How we cite our quotes: (Chapter.Paragraph)
Quote #1
That was why she was ashamed. He was the one who smelled […] Treating her like another animal and both of them must have looked just like it in that room. One dog sniffing at the hindquarters of another, and the female, her back to him, not moving. (4.345)
After Son grabs her and smells her hair, Jade feels ashamed. She thinks that smell is something that is attached to animals, not civilized people like herself. But when Son reminds her that she has a smell just like everything else, she feels for a second that she might still be nothing more than a female animal.
Quote #2
The face in the peaches compelled him to dismiss Margaret's screaming entrance as the tantrum of a spoiled child, the deliberate creation of a scene, which both father and son understood as feminine dementia. (5.63)
Whenever Margaret gets upset about something, Valerian tends to blame it on the fact that she's a woman. In fact, Valerian uses gender a lot in order to avoid having to take women's opinions seriously.
Quote #3
It was easy not to believe in Margaret's hysteria; he had seen examples of it many times before and thought she was up to her old combo of masochism plus narcissism that he believed common to exceptionally beautiful women. (5.64)

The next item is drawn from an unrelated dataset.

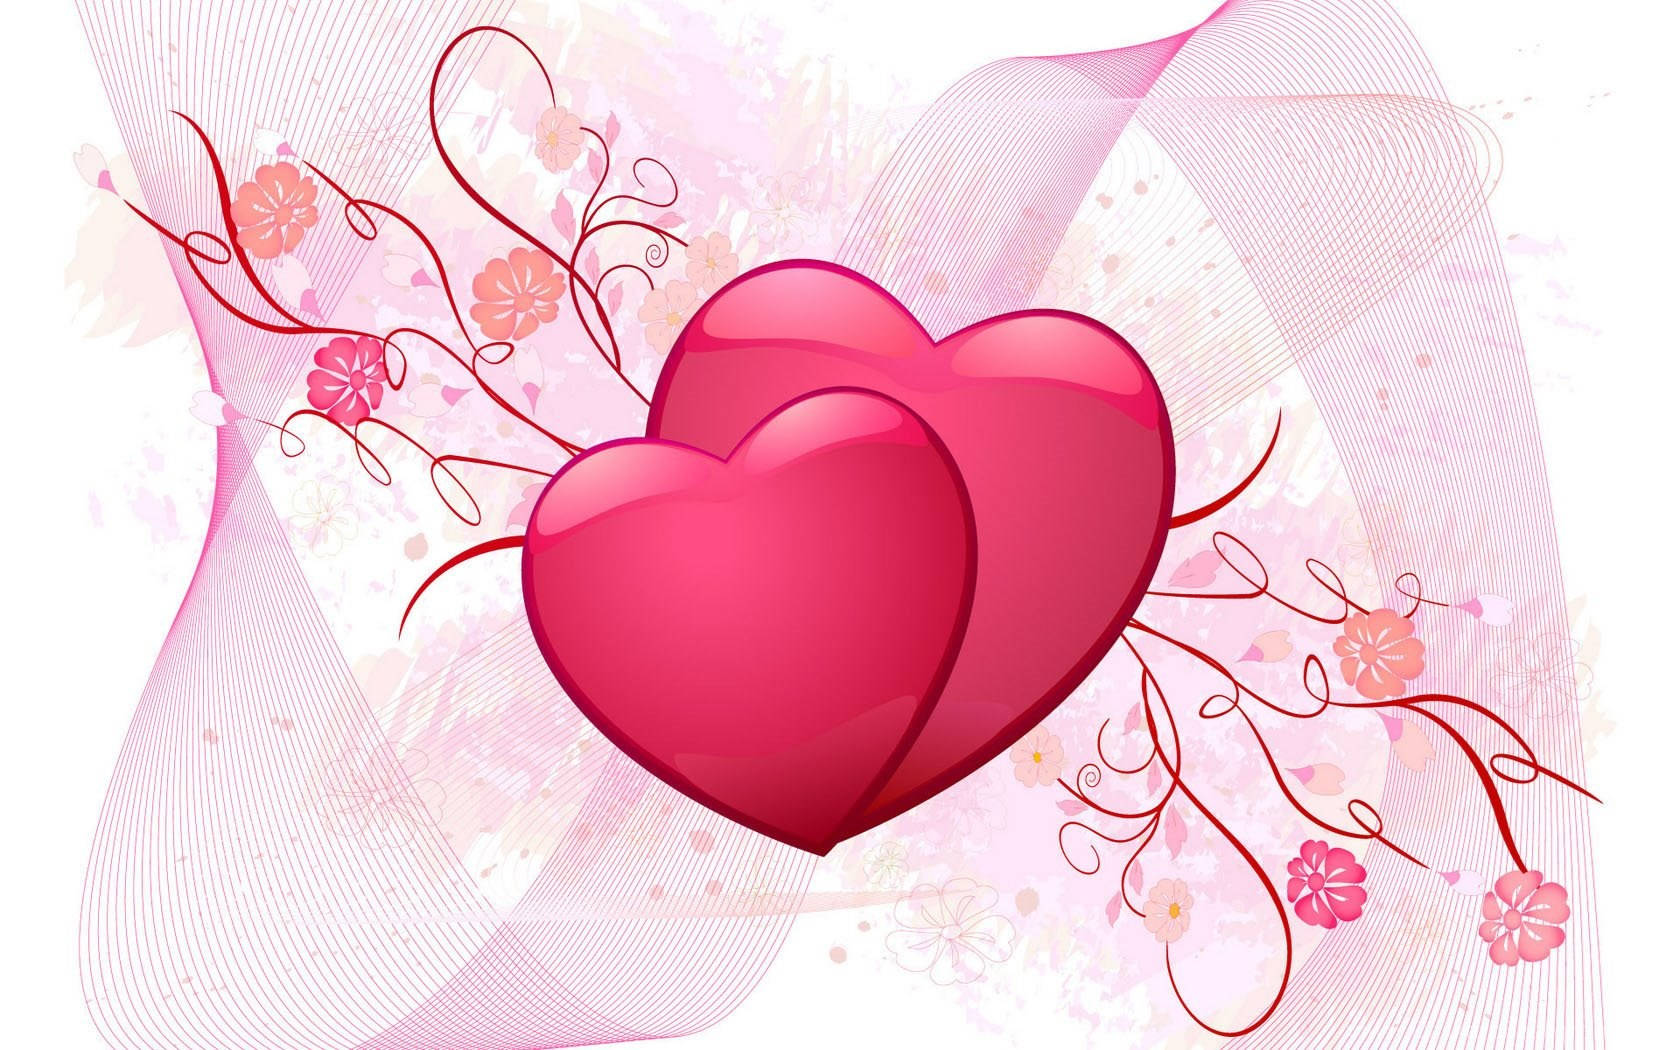 Pink Hearts Of Love For Valentine's Day Wallpaper
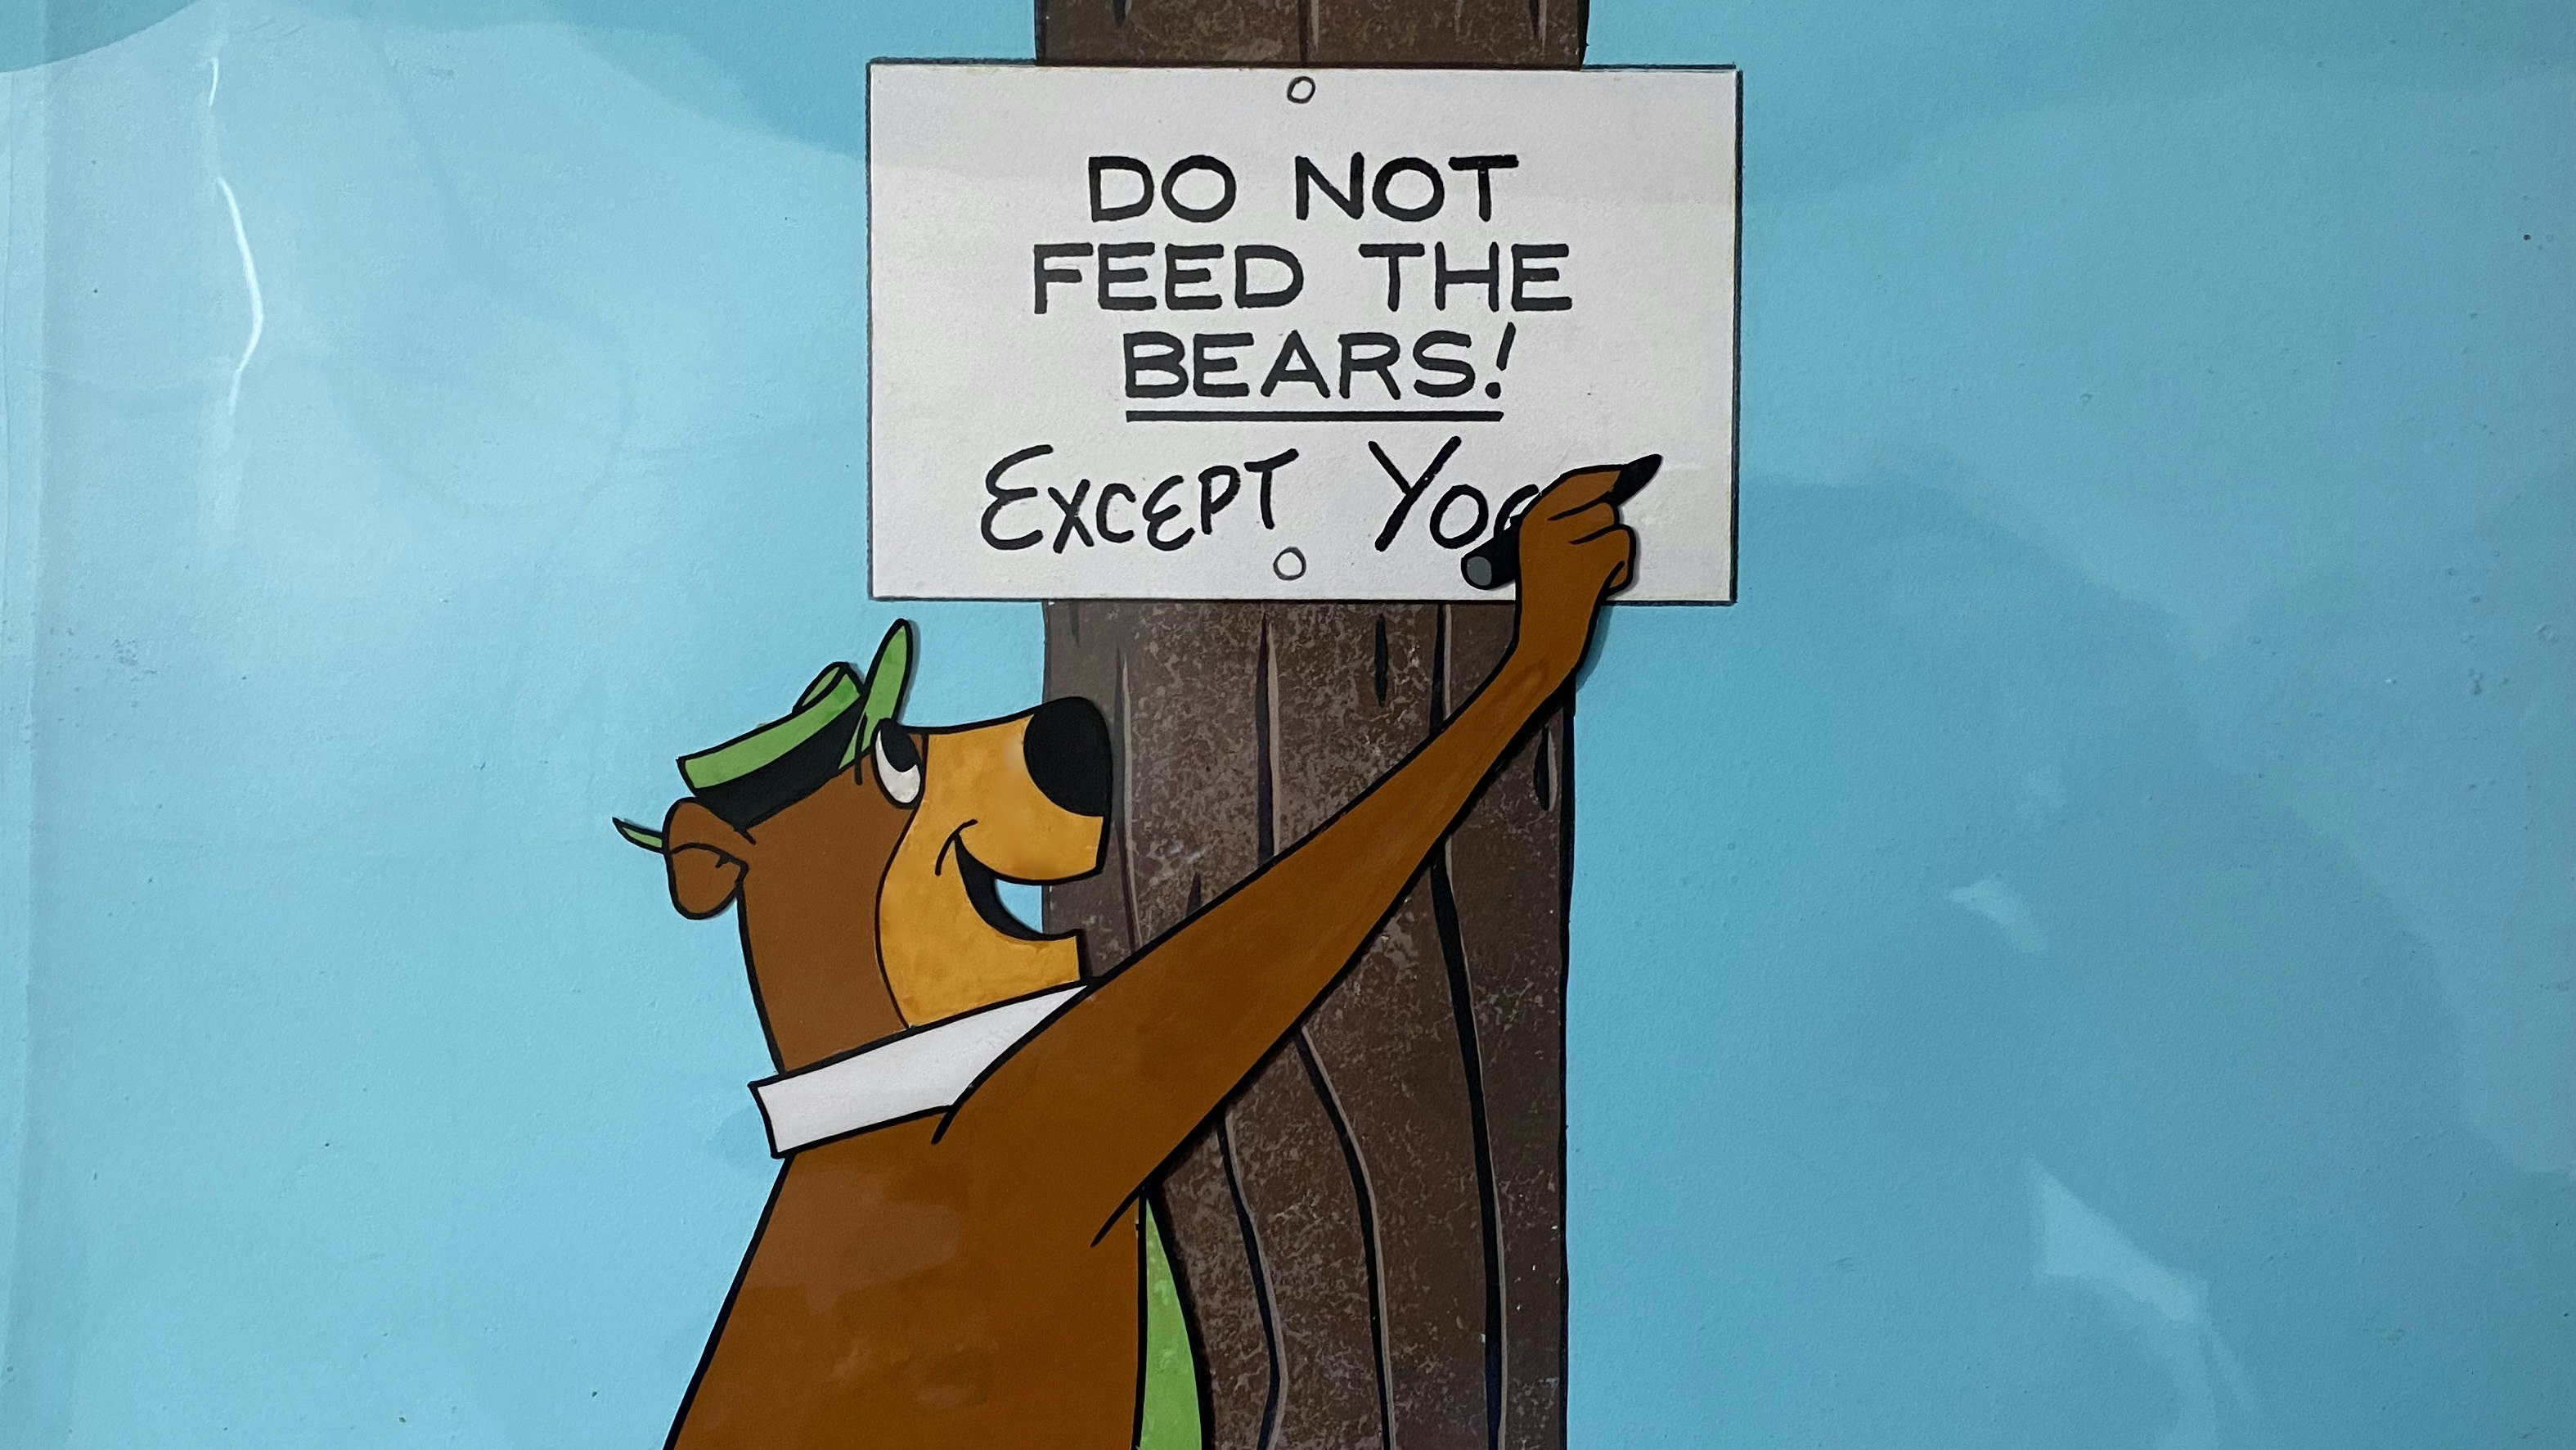 An animation cel from the opening of Hanna Barbera's "The Yogi Bear Show" from 1961. Yogi was a breakout hit for Hanna-Barbera, becoming one of the most popular and iconic cartoon characters of the 1960s.

Again, Valerian will think whatever he has to in order to avoid taking his wife seriously. His most common way of neglecting her is to blame all of her outbursts of negative emotions on the fact that she's an irrational woman. More specifically, Valerian thinks that women who have spent their lives being pretty are even more prone to being drama queens because they're used to getting what they want.
Quote #4
[They] did not wish to see the crying, crying girls split in two parts by their tight jeans, screaming at the top of their high, high heels, straining against the pull of their braids and the fluorescent combs holding their hair. (7.1)
When Son first gets to New York, the first thing he notices is the prostitutes standing on the street corners. He finds it hard to look at these women because many of them are black and are selling their bodies to white men. If it's a tough life for black men, it's doubly tough for black women.
Quote #5
They stood around the room, jostling each other gently, gently—there wasn't much room—revealing one breast and then two and Jadine was shocked." (9.185)
Jade is shocked to find herself visited by visions of black women when she's staying in Son's hometown of Eloe, Florida. She's even more shocked when these women start pulling out their breasts in front of her. The breasts in this case symbolize the way that these women want Jade to give into her traditional gender role and become a mother. But this isn't what Jade wants out of life.
Quote #6
That twenty-five-year-old face looked twenty-six and she had not been keeping up the regimen that held her at the twenty-year-old mark. (9.283)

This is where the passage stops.